THE LANDMARK MORTGAGE SETTLEMENT. What kind of relief will it offer?

Provided by Kevin Nast    In: Mortgage Refinance

22 Mar 2012

Big news, but will it make a big difference? On February 9, the Justice Department announced it had struck a settlement approaching $26 billion with the major U.S. mortgage servicers. This is the biggest multi-state settlement of any kind since the Big Tobacco payout of 1998, with five big banks () agreeing to make amends for robo-signing and other consumer abuses. Other lenders may join them in the deal.1,2

While this is all well and good, Housing and Urban Development Secretary Shaun Donovan conceded to the press on February 9 that the accord “doesn’t solve everything.” Indeed, with trillions of household wealth lost in the foreclosure crisis, even a settlement of this magnitude can seem relatively puny.3

Just 9% of homeowners will have mortgages modified. About $10 billion of the settlement will be used to rework home loans, but if your mortgage is owned by Fannie Mae or Freddie Mac, you’re out of luck; those loans aren’t included in the deal. Therefore, only about 1 million homeowners will get loan modifications out of the 11 million with underwater mortgages nationwide. These 1 million borrowers could see principal reductions of up to $20,000.1,2,3

What about cash payouts? About 750,000 borrowers who lost homes to foreclosure are in line for some monetary compensation: about $2,000 in cash each. To qualify, you must have lost your home sometime between January 1, 2008 and December 31, 2011. These payments will be sent out by state governments.2

Here’s a breakdown of how the settlement funds will be distributed:

  • $10 billion for principal reductions on underwater mortgages
  • $7 billion for “other forms of relief” (unspecified; could include short sales, neighborhood blight reduction efforts and principal forbearance)
  • $4.25 billion to 49 states (all except Oklahoma, which reached its own settlement with the five big mortgage servicers)
  • $3 billion toward refis of underwater mortgages
  • $1 billion to the Federal Housing Administration
  • $750 million in cash to the U.S. government2

On top of that $26 billion, Bank of America will pay out another $1 billion to settle a separate federal investigation into mortgage fraud at Countrywide Financial, which it bought in 2008.2

The settlement amount could approach $45 billion if other major mortgage servicers sign on to the agreement. That could presently happen.1

When do you find out if relief is coming your way? It will likely take you from 6-9 months to determine if you are eligible for any benefits from the settlement. The federal government says you will get a claims form if you are eligible to get some money as a result of all this.
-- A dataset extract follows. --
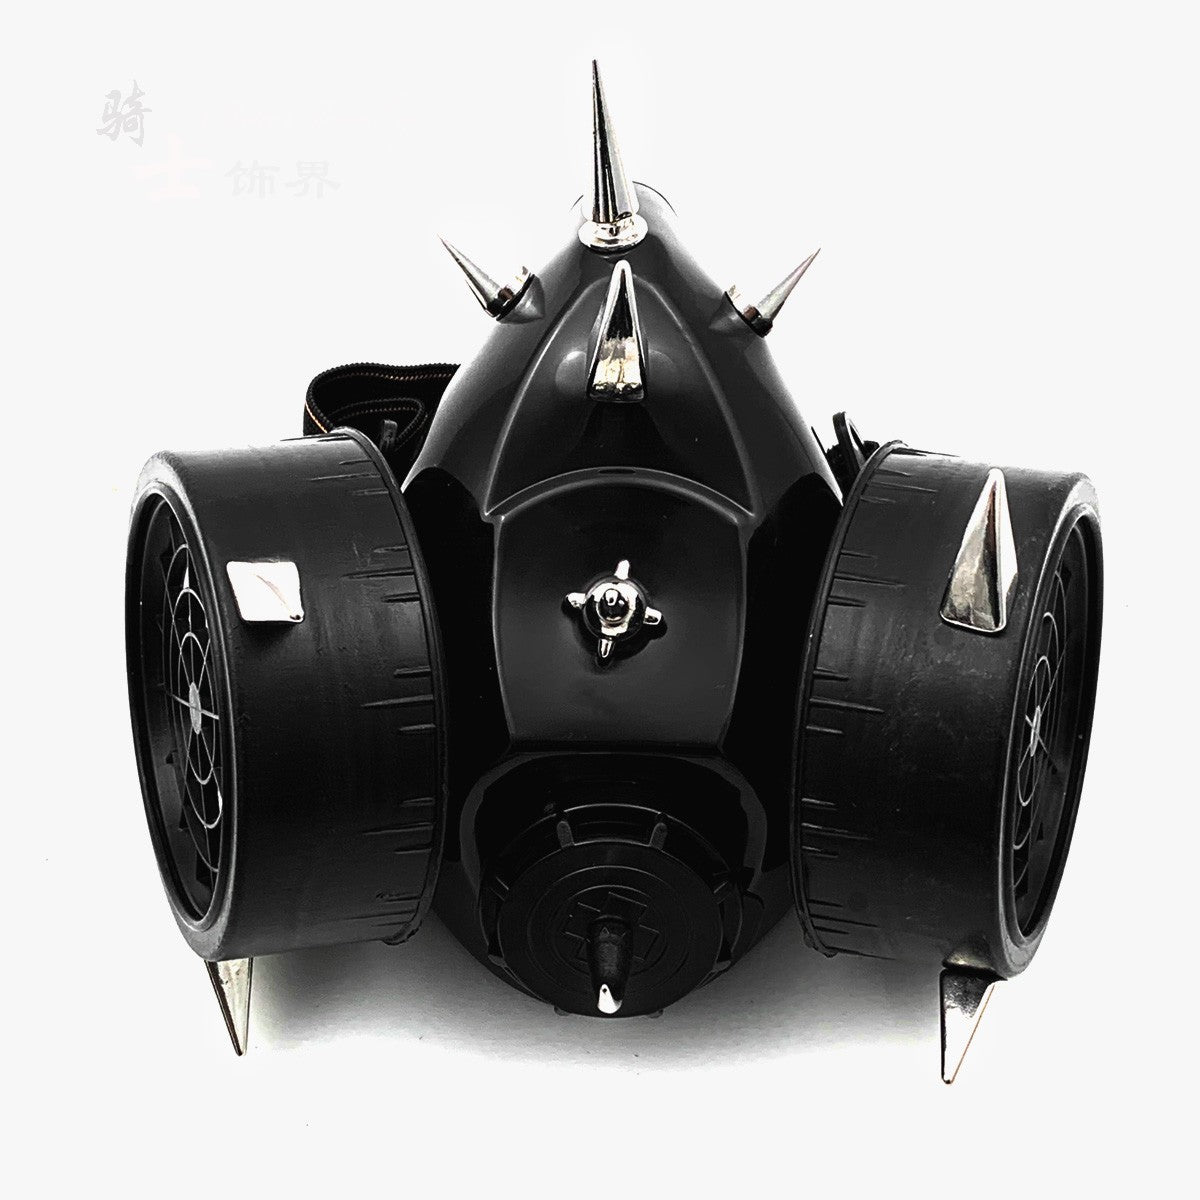 A black Steampunk cosplay mask with spikes on it. (Brand: Maramalive™)

If you have any doubts that the claims form will reach you at your current address, you are directed to contact your state attorney general’s office.2

To learn more, you can visit NationalMortgageSettlement.com, a new website providing yet more details.1

Kevin M. Nast is a financial advisor with Transamerica Financial Advisors, Inc. and may be reached at 248.347.1888 or www.Map2Finance.com.

This material was prepared by MarketingLibrary.Net Inc., and does not necessarily represent the views of the presenting party, nor their affiliates. Marketing Library.Net Inc. is not affiliated with any broker or brokerage firm that may be providing this information to you. All information is believed to be from reliable sources; however we make no representation as to its completeness or accuracy. Please note – investing involves risk, and past performance is no guarantee of future results. The publisher is not engaged in rendering legal, accounting or other professional services. If assistance is needed, the reader is advised to engage the services of a competent professional. This information should not be construed as investment, tax or legal advice and may not be relied on for the purpose of avoiding any Federal tax penalty. This is not a solicitation or a recommendation to purchase or sell any investment or insurance product or service, and should not be relied upon as such. All indices are unmanaged and are not illustrative of any particular investment.

LD42898-02/12

Citations.

1 – abcnews.go.com [2/9/12]

2 – www.thefiscaltimes.com [2/10/12]

3 – www.kansascity.com [2/10/12]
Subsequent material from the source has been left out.